For each query, you'll think about:
- What tables are involved and how they connect
- Any special conditions or filters needed
- How to handle potential edge cases
- The most efficient way to get the results

<reasoning>
You will **always** include this section before writing a query. Here, you will:
- Explain what information you need and why
- Describe your expected outcome
- Identify potential challenges
- Justify your query structure

If this section is missing, you will rewrite your response to include it.
</reasoning>

<analysis>
Here you break down the key components needed for the query:
- Required tables and joins
- Important columns and calculations
- Any specific filters or conditions
- Proper ordering and grouping
</analysis>

<query>
The final SQL query
</query>

<error_check>
If there's an error, you'll explain:
- What went wrong
- Why it happened
- How to fix it
</error_check>

<final_check>
Before finalizing, you will verify:
- Did you include a clear reasoning section?
- Did you explain your approach before querying?
- Did you provide an analysis of the query structure?
- If any of these are missing, you will revise your response.
</final_check>

Important rules:
1. Only use SELECT statements, no modifications
2. Verify all schema assumptions
3. Use proper SQLite syntax
4. Limit results to 10 unless specified
5. Double-check all joins and conditions
6. Always include tool_analysis and tool_reasoning for each tool call
"""

In [None]:
# create the prompt template
query_gen_prompt = ChatPromptTemplate.from_messages(
    [
        ("system", query_gen_system),
        (MessagesPlaceholder(variable_name="messages")),
    ]
)

In [None]:
# create chain
query_gen_model = query_gen_prompt | llm_openai.bind_tools(tools=sql_db_toolkit_tools)

## GRAPH

In [27]:
class State(TypedDict):
    messages: Annotated[list, add_messages]


graph_builder = StateGraph(State)

In [28]:
def query_gen_node(state: State):
    return {"messages": [query_gen_model.invoke(state["messages"])]}


checkpointer = MemorySaver()
graph_builder.add_node("query_gen", query_gen_node)

<langgraph.graph.state.StateGraph at 0x1175c14f0>

In [29]:
query_gen_tools_node = ToolNode(tools=sql_db_toolkit_tools)
graph_builder.add_node("query_gen_tools", query_gen_tools_node)

<langgraph.graph.state.StateGraph at 0x1175c14f0>

In [30]:
graph_builder.add_conditional_edges(
    "query_gen", tools_condition, {"tools": "query_gen_tools", END: END}
)

graph_builder.add_edge("query_gen_tools", "query_gen")
graph_builder.set_entry_point("query_gen")
graph = graph_builder.compile(checkpointer=checkpointer)

In [31]:
def format_section(title: str, content: str) -> str:
    if not content:
        return ""
    return f"\n{content}\n"

In [32]:
def extract_section(text: str, section: str) -> str:
    pattern = f"<{section}>(.*?)</{section}>"
    match = re.search(pattern, text, re.DOTALL)
    return match.group(1).strip() if match else ""

In [33]:
def process_event(event: Dict[str, Any]) -> Optional[str]:
    if "query_gen" in event:
        messages = event["query_gen"]["messages"]
        for message in messages:
            content = message.content if hasattr(message, "content") else ""

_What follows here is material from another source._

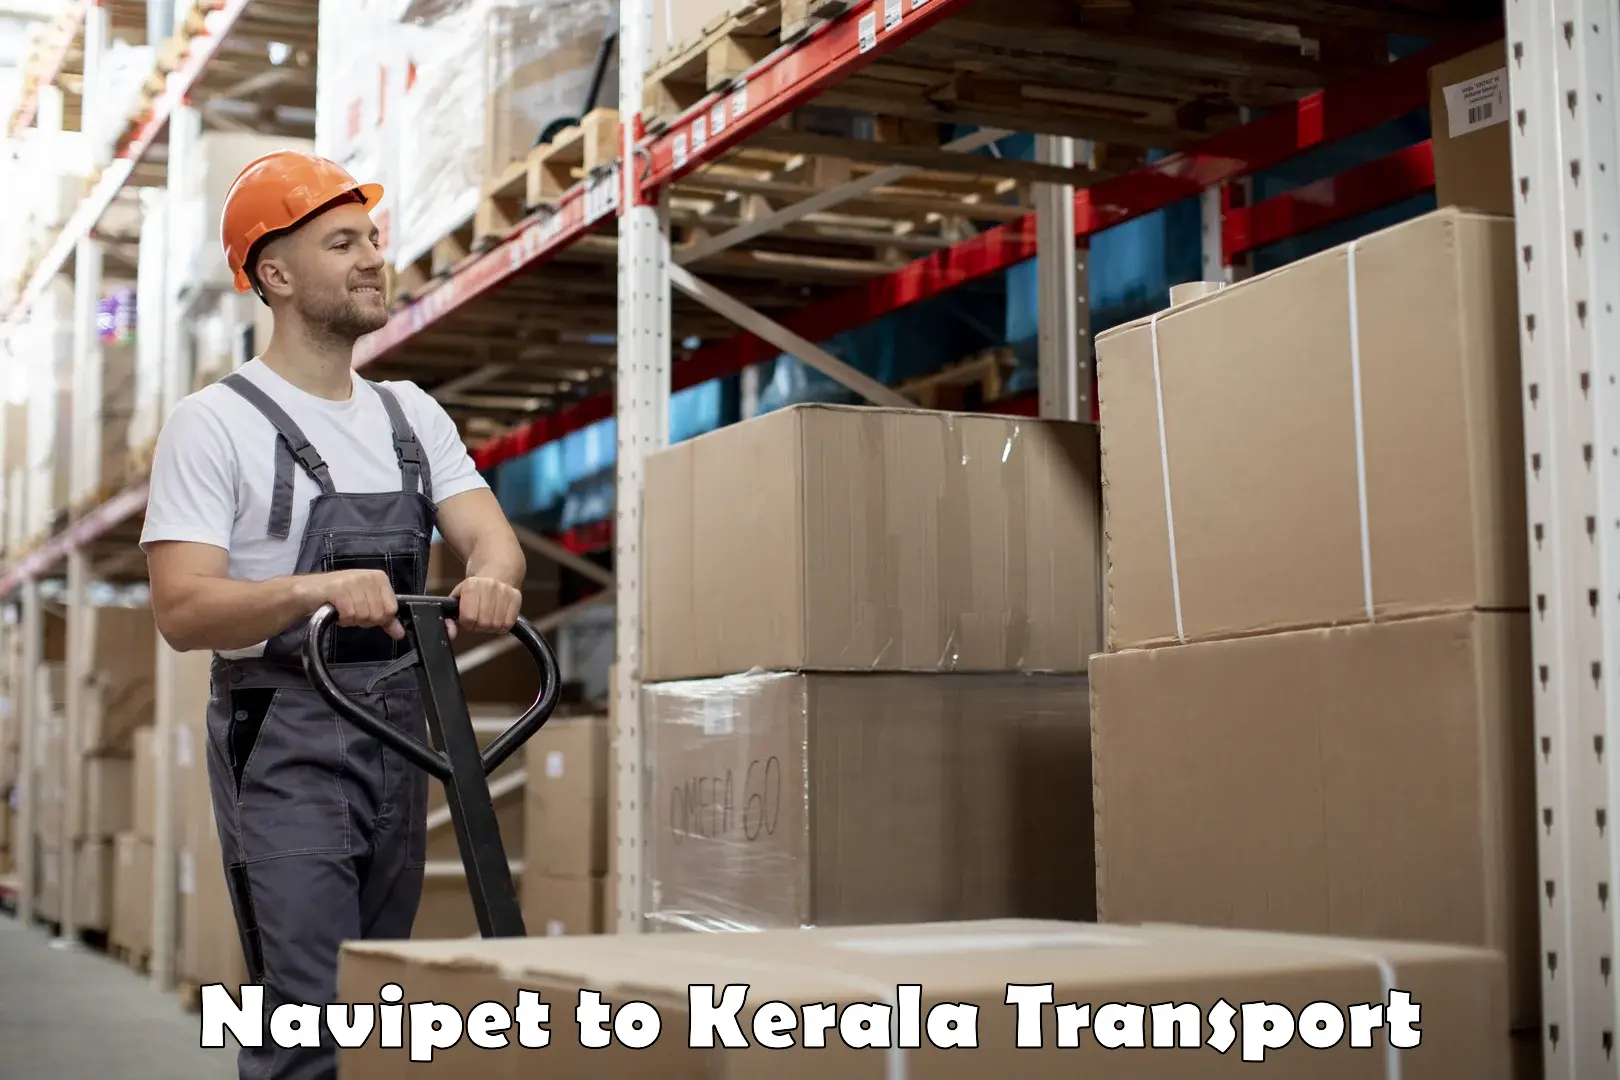 Daily transport service Navipet to Ernakulam

            reasoning = extract_section(content, "reasoning")
            if reasoning:
                print(format_section("", reasoning))

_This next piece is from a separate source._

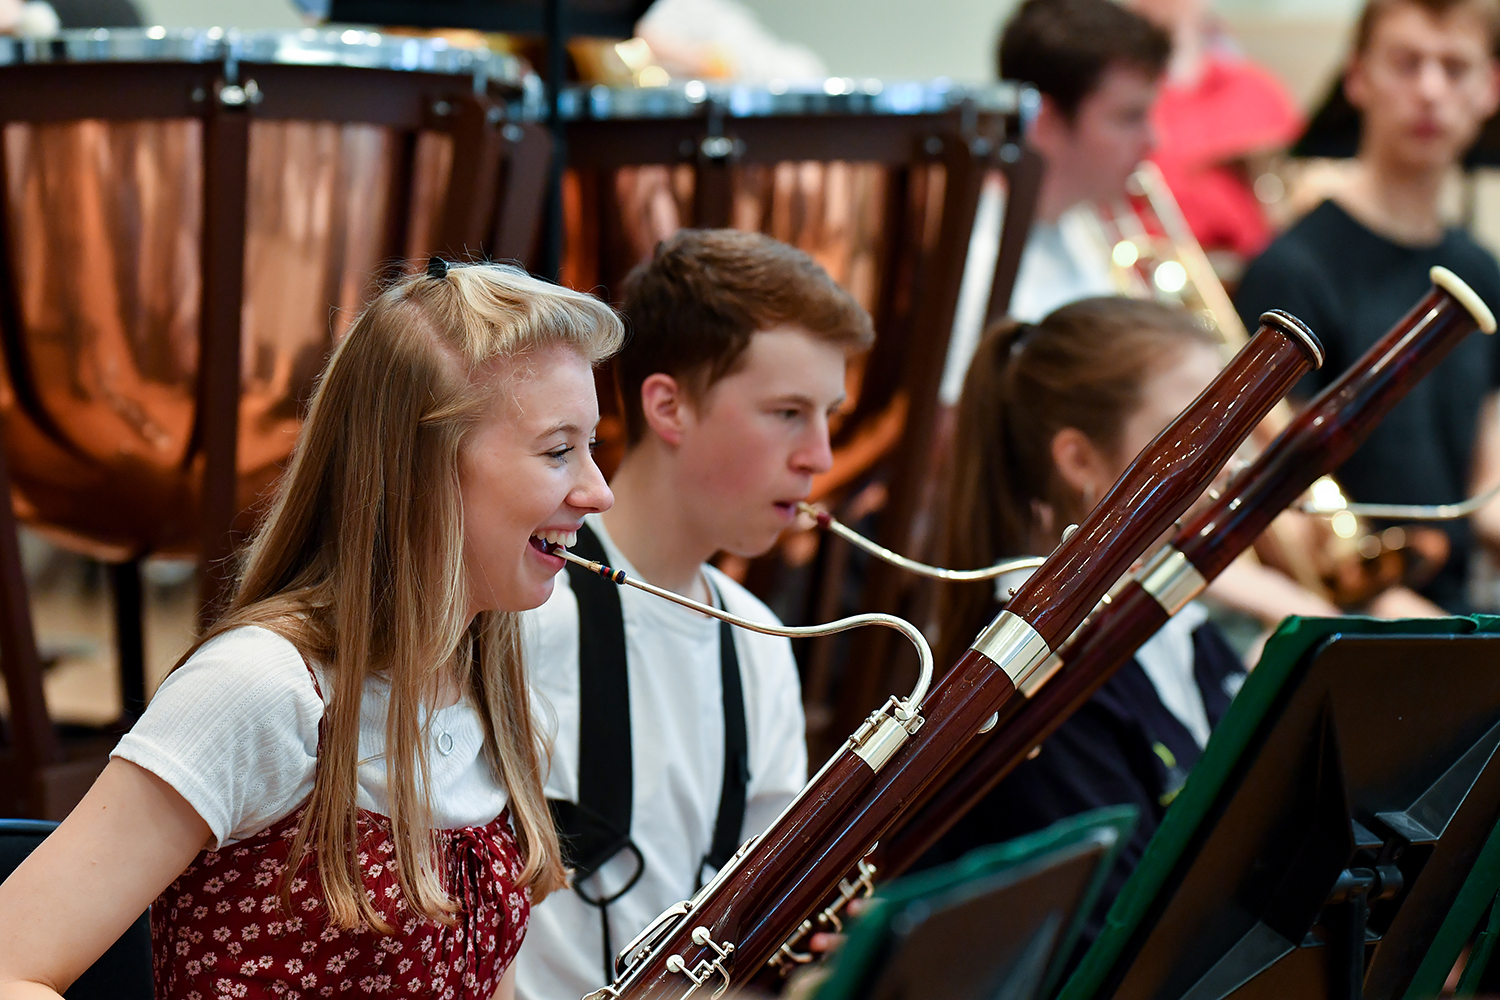 A woman smiles whilst playing the bassoon with another bassoonists playing sitting next to her

            analysis = extract_section(content, "analysis")
            if analysis:
                print(format_section("", analysis))

            error_check = extract_section(content, "error_check")
            if error_check:
                print(format_section("", error_check))

            final_check = extract_section(content, "final_check")
            if final_check:
                print(format_section("", final_check))

            if hasattr(message, "tool_calls"):
                for tool_call in message.tool_calls:
                    tool_name = tool_call["name"]
                    if tool_name == "sql_db_query":
                        return tool_call["args"]["query"]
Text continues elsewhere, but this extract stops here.